The increase of values observed within the first months of life in the present study may be due to the development of the pancreas. Although the pancreas begins to produce enzymes already in the 20th week of gestation, newborns secrete fewer pancreatic enzymes than older children (for example, amylase levels are undetectable, while lipase is produced on a level of less than 10% of childhood levels) [22, 23]. It should be noted that the ontogeny of E-1 in infants is still unknown.

Basic anthropometric data of healthy infants and young children. Median values [1st-3rd quartiles] are presented.

Tabela I. Podstawowe dane antropometryczne zdrowych niemowląt i małych dzieci. Przedstawiono wartości mediany oraz [I-III kwartyl].

Age (months) Wiek (miesiące)
1-3 4-6 7-9 10-12 13-15 16-18 19-21 22-24 p
Z-score for body weight Z-score dla masy ciała -0.03 [-0.46 -1.04] -0.05 [-0.90 -0.85] 0.14 [-0.49 -0.55] 0.09 [-0.44 -0.65] -0.14 [-0.73 -0.47] 0.08 [-0.35 -0.89] 0.02 [-0.92 -0.53] 0.01 [-0.61 -0.43] Ns.
Sex ratio (male/female) Stosunek płci (mężczyźni/kobiety) 8/12 10/10 10/10 10/10 7/13 11/9 14/6 12/8 Ns.

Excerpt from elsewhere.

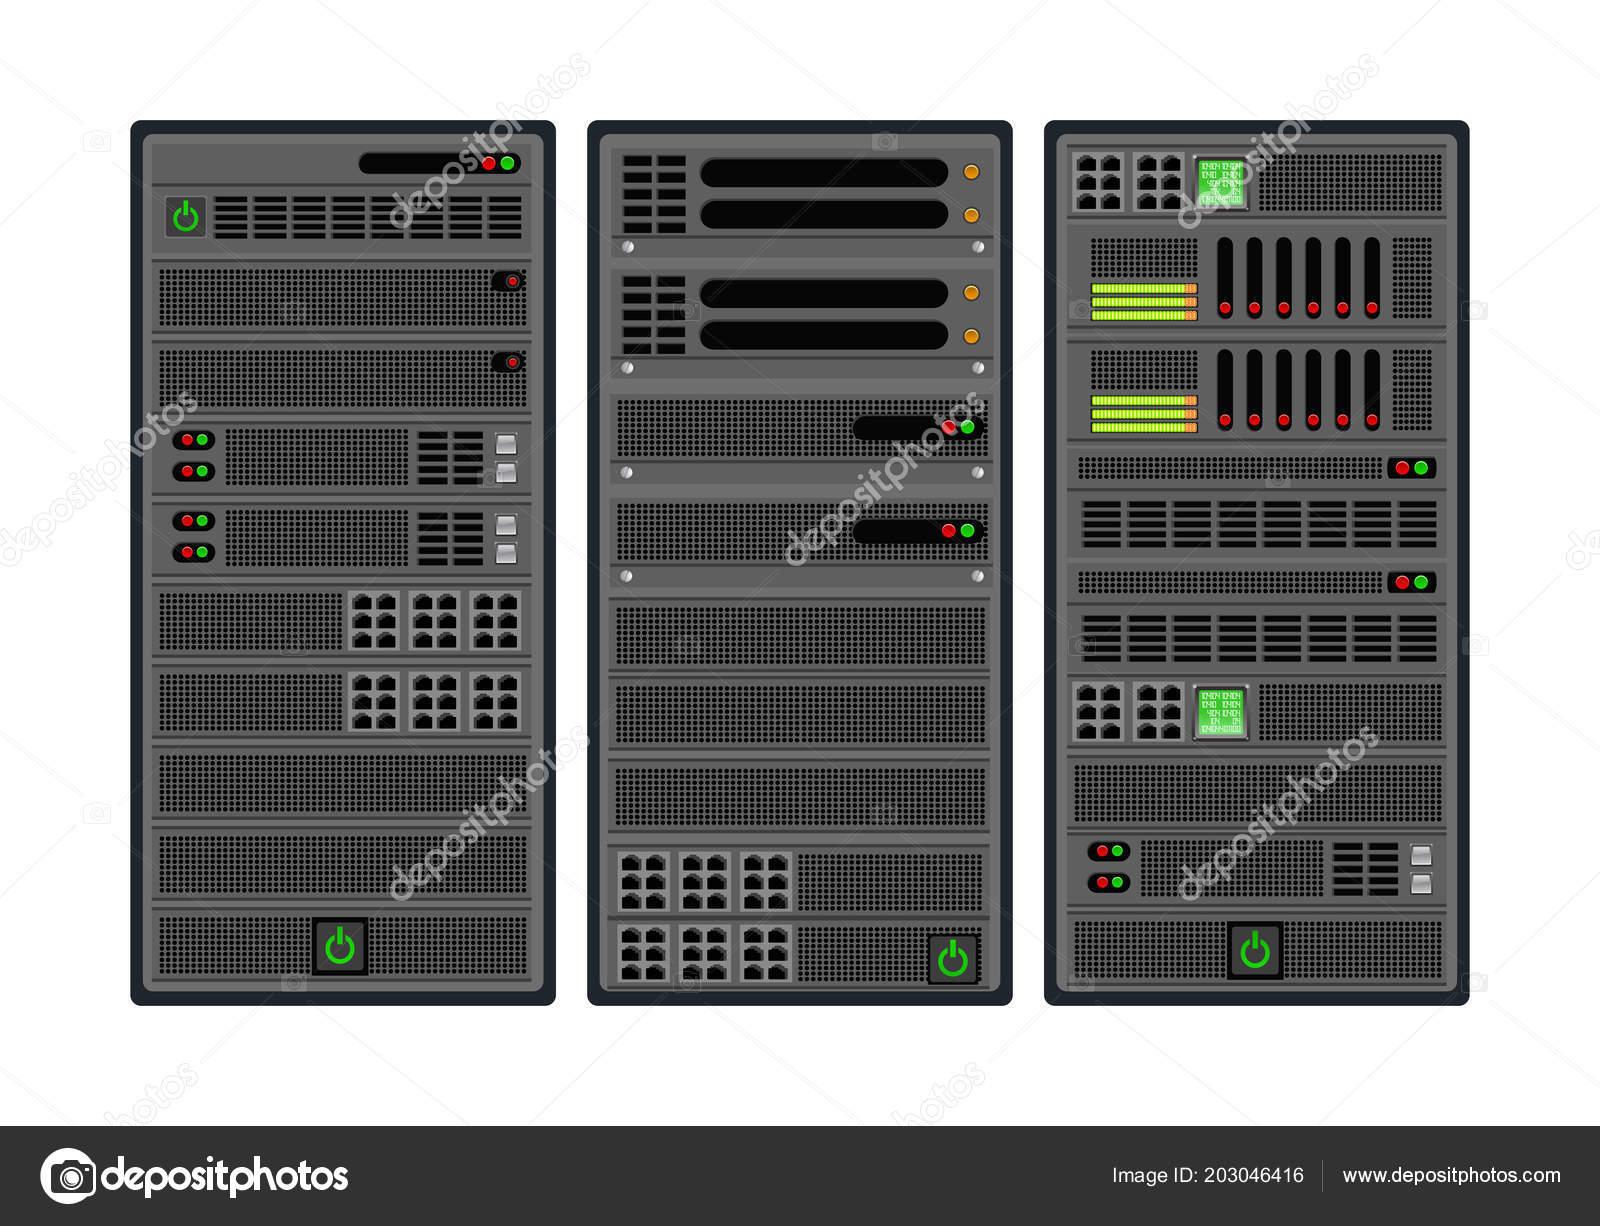 Хостинг серверов на компьютер скрипт панель управление игровым хостингом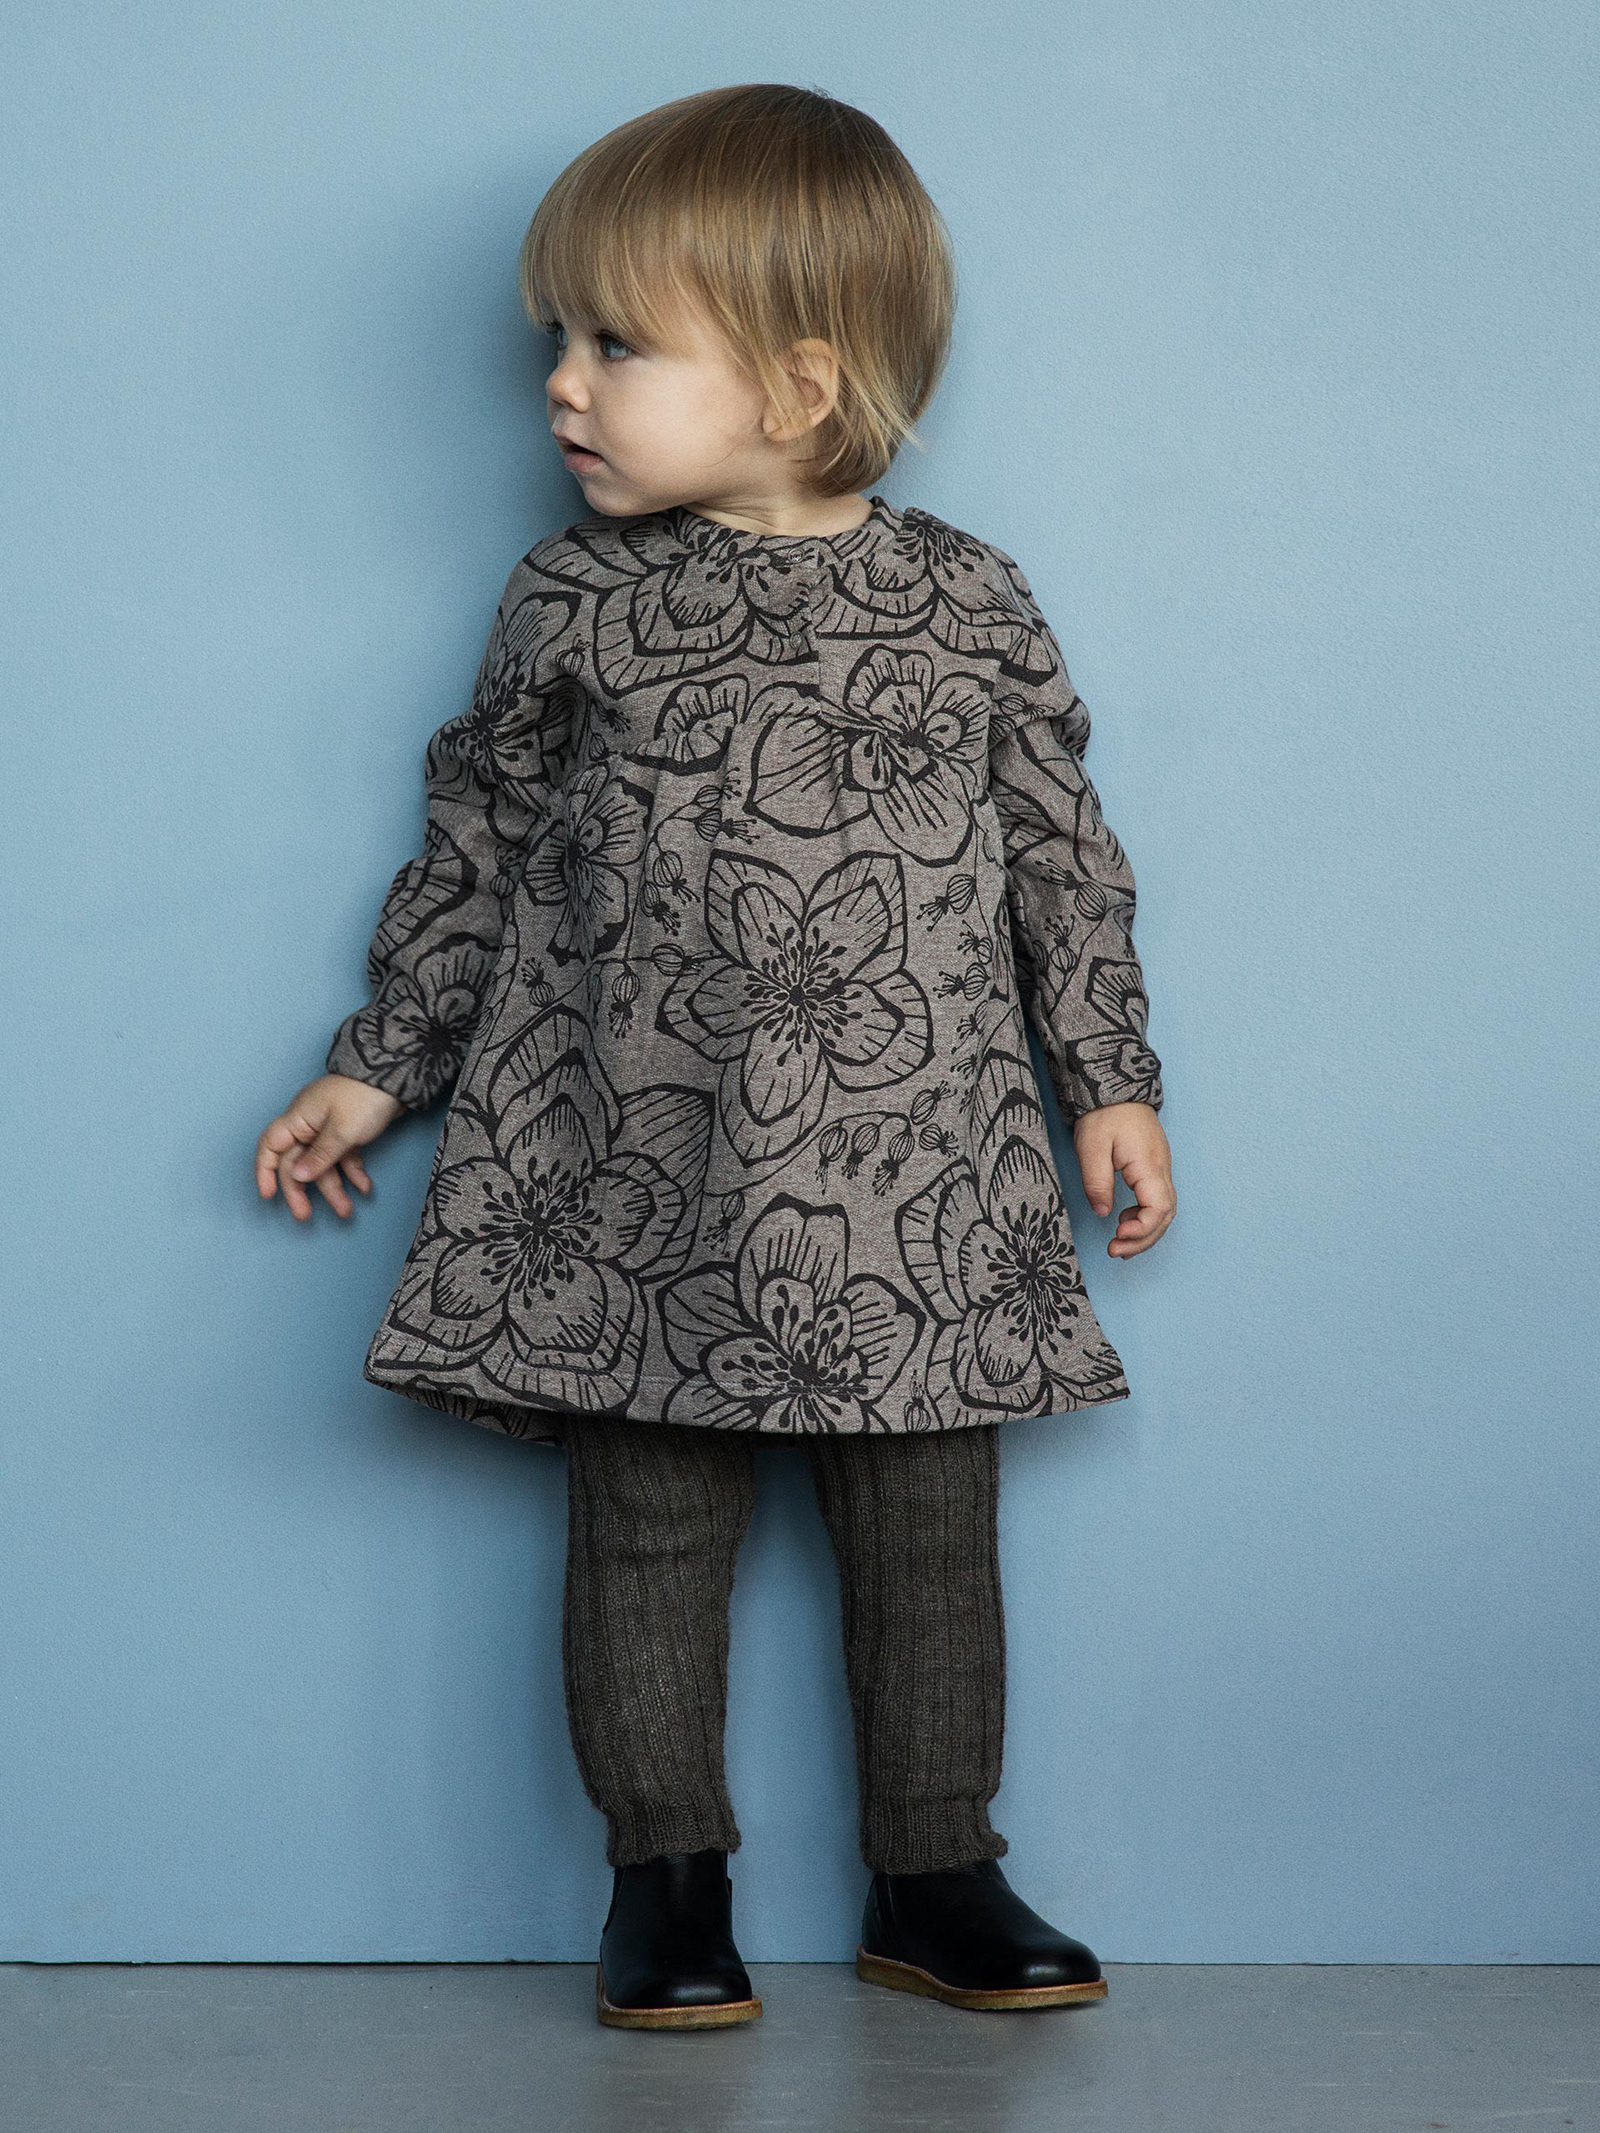 Serendipity Organic: Kleidung für die ganze Familie - nachhaltig und schön

The number of children in each group was 20

W każdej grupie wiekowej było 20 dzieci

Elastase-1 concentration (μg/g of feces) in healthy infants and young children. Mean values and (± standard deviation) are presented.

Tabela II. Stężenie elastazy-1 (μg/g kału) u zdrowych niemowląt i małych dzieci. Przedstawiono średnie wartości oraz (± odchylenie standardowe).

Age (months) Wiek (miesiące) p
1-3 4-6 7-9 10-12 13-15 16-18 19-21 22-24
Elastase-1 concentration (μg/g of feces) Stężęnie elastazy-1 (μg/g kału) 724.9 (±272.6) 883.8 (±256.3) 932.4 (±309.9) 793.0 (±344.7) 934.3 (±244.0) 911.3 (±313.6) 844.4 (±305.4) 933.0 (±417.5) Ns.

The number of subjects in each group was 20

W każdej grupie wiekowej było 20 dzieci

The documented differences in fecal E-1 concentration between age subgroups might be related to weaning and expanding infants’ diet (especially by the 6th month of life). In the data available, the normal levels of fecal E-1 were found sooner in infants who started enteral feeding earlier [14, 15]. It should, however, be noted that infants are fed a very specific (high fat) diet based exclusively on milk fat. On the other hand extending their diet may stimulate enzyme production and secretion, which is supported by studies on adults that have shown that an abstinence from meat may lead to a decrease in fecal E-1 concentration [11].

It should be stressed that the abundant data concerning fecal E-1 concentrations in children with cystic fibrosis [24, 25, 26, 27] or preterm infants [14, 15, 21] cannot be extrapolated from healthy infants. All the studies conducted on healthy children so far involved heterogenous age groups (from birth to almost adulthood) with low numbers of infants and toddlers [28, 29]; this renders the results virtually uninterpretable beyond the neonatal and early post-neonatal period.

Although the present study comprises a large and representative group of infants and young children aged up to 24 months, it also has some limitations which includes the cross-sectional character of the study with the lack of longitudinal follow-up of fecal E-1 concentrations, the absence of information on the weaning status, and the lack of correlation of fecal E-1 levels to energy and nutrient intake.

Conclusions

Our study has shown that the fecal E-1 test can be reliably applied in infants and toddlers to confirm normal exocrine pancreatic function. However, within the first months of life fecal E-1 concentrations may be lower than later in life.